(Information shown Opens)

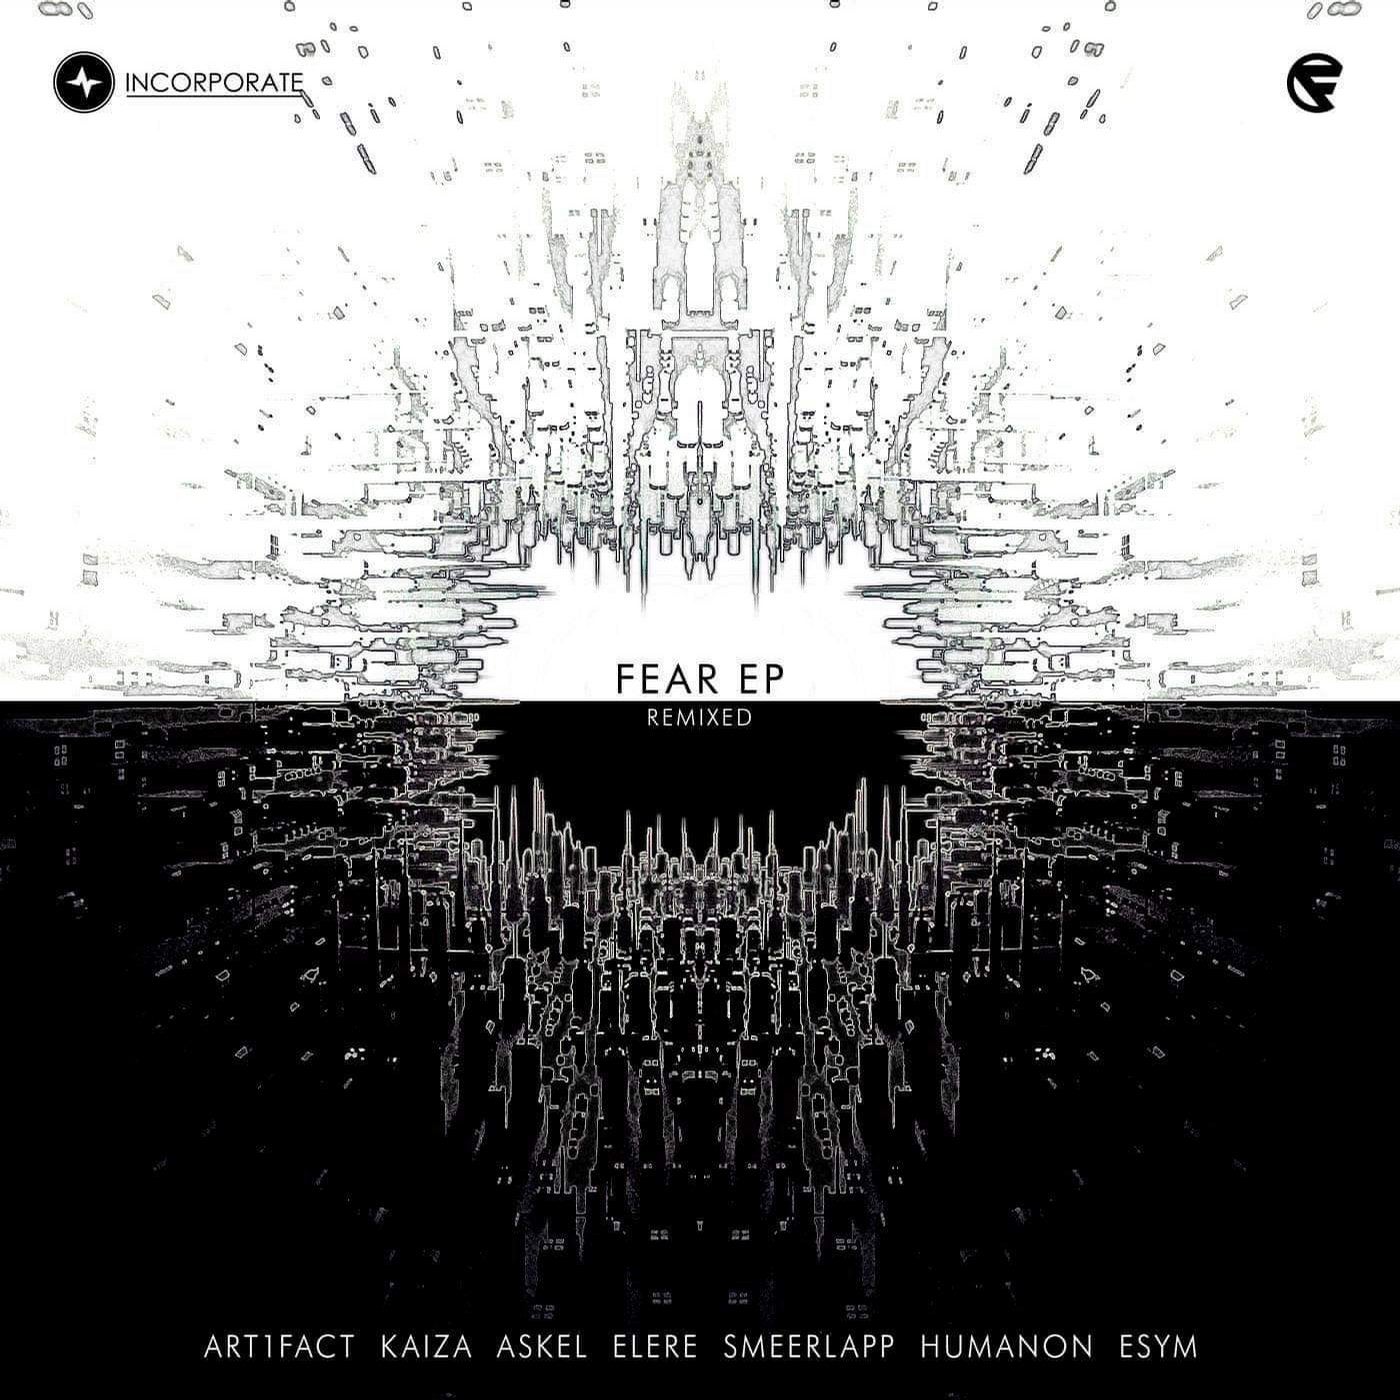 Fear EP Remixed
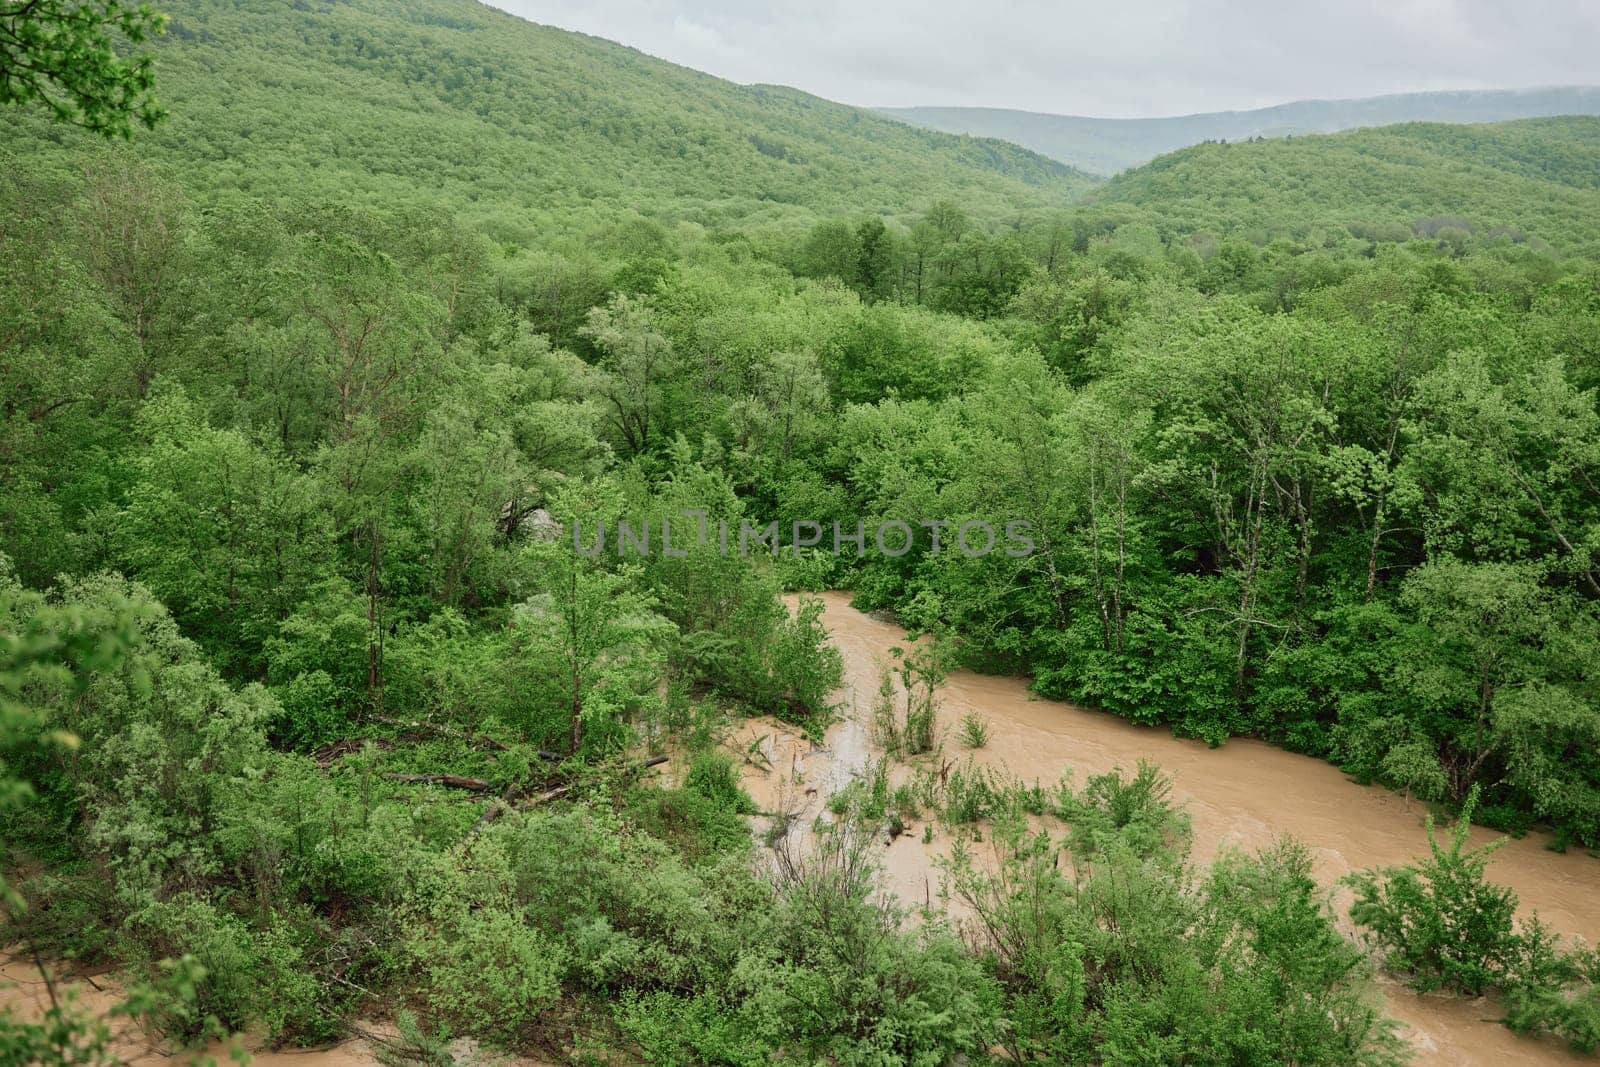 mountain river after rain flows in a forest area. High quality photo
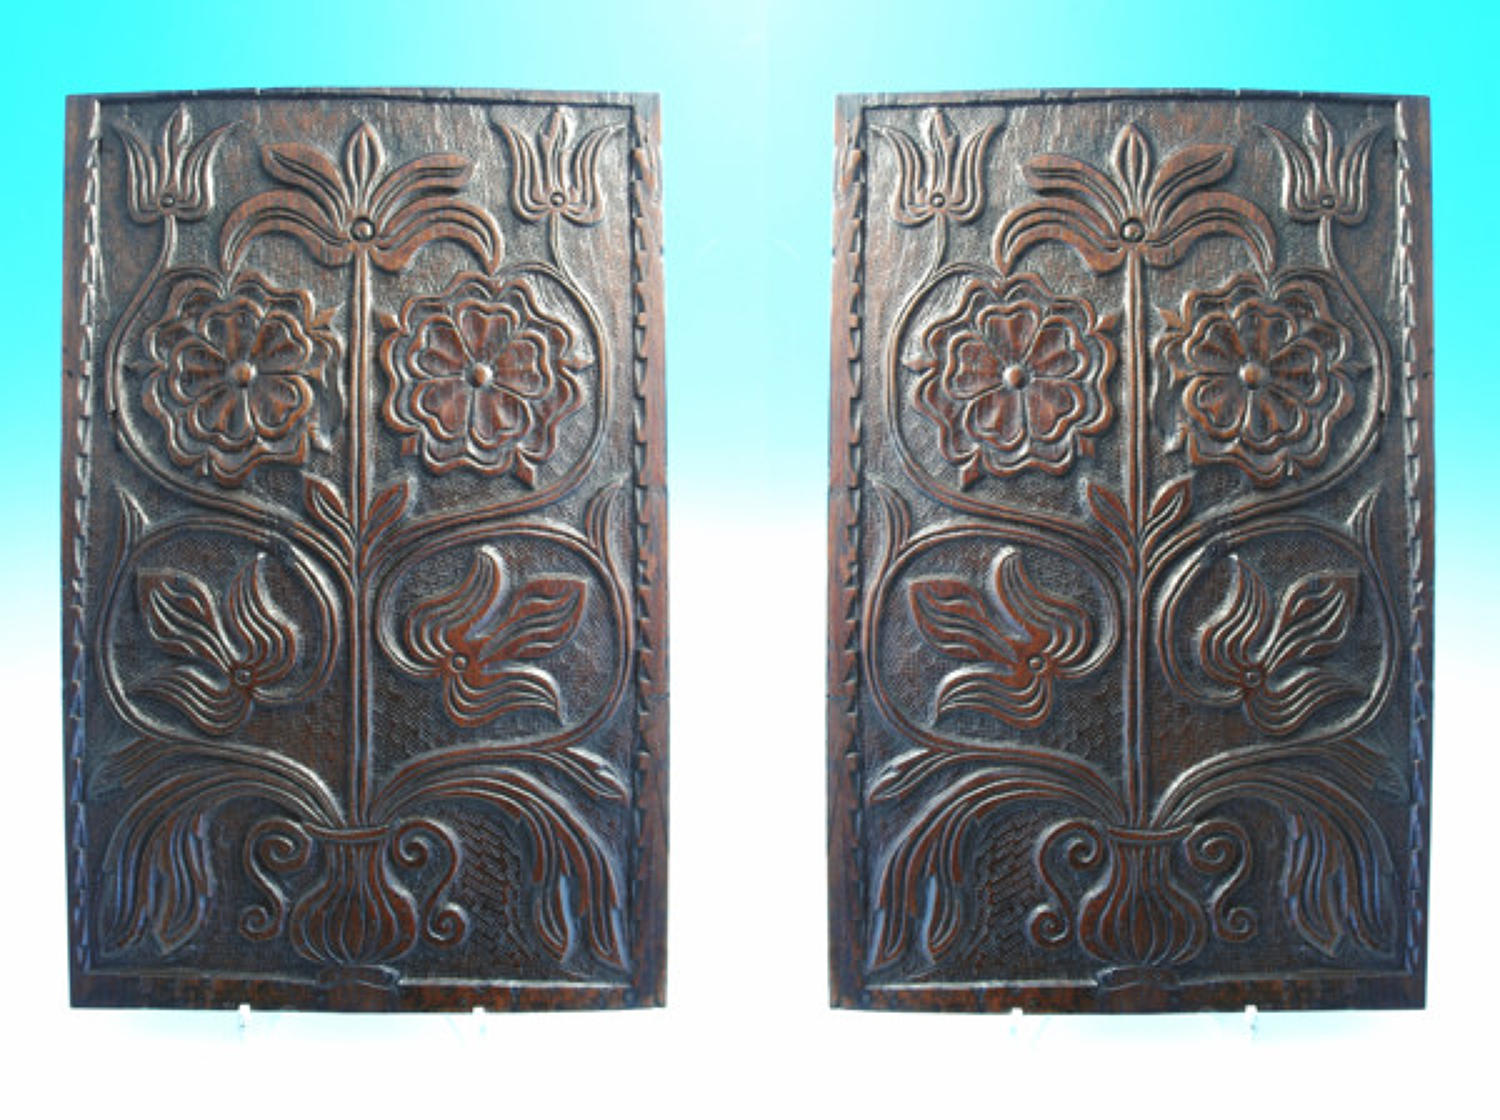 A fine pair of 17thc carved Oak panels. English C1860 - 80

(Information shown Closes)

Activity: Only the pictures stay behind; everything else in the data above is to be retyped exactly.

Result below:
 Fear EP Remixed
 mountain river after rain flows in a forest area. High quality photo
 A fine pair of 17thc carved Oak panels. English C1860 - 80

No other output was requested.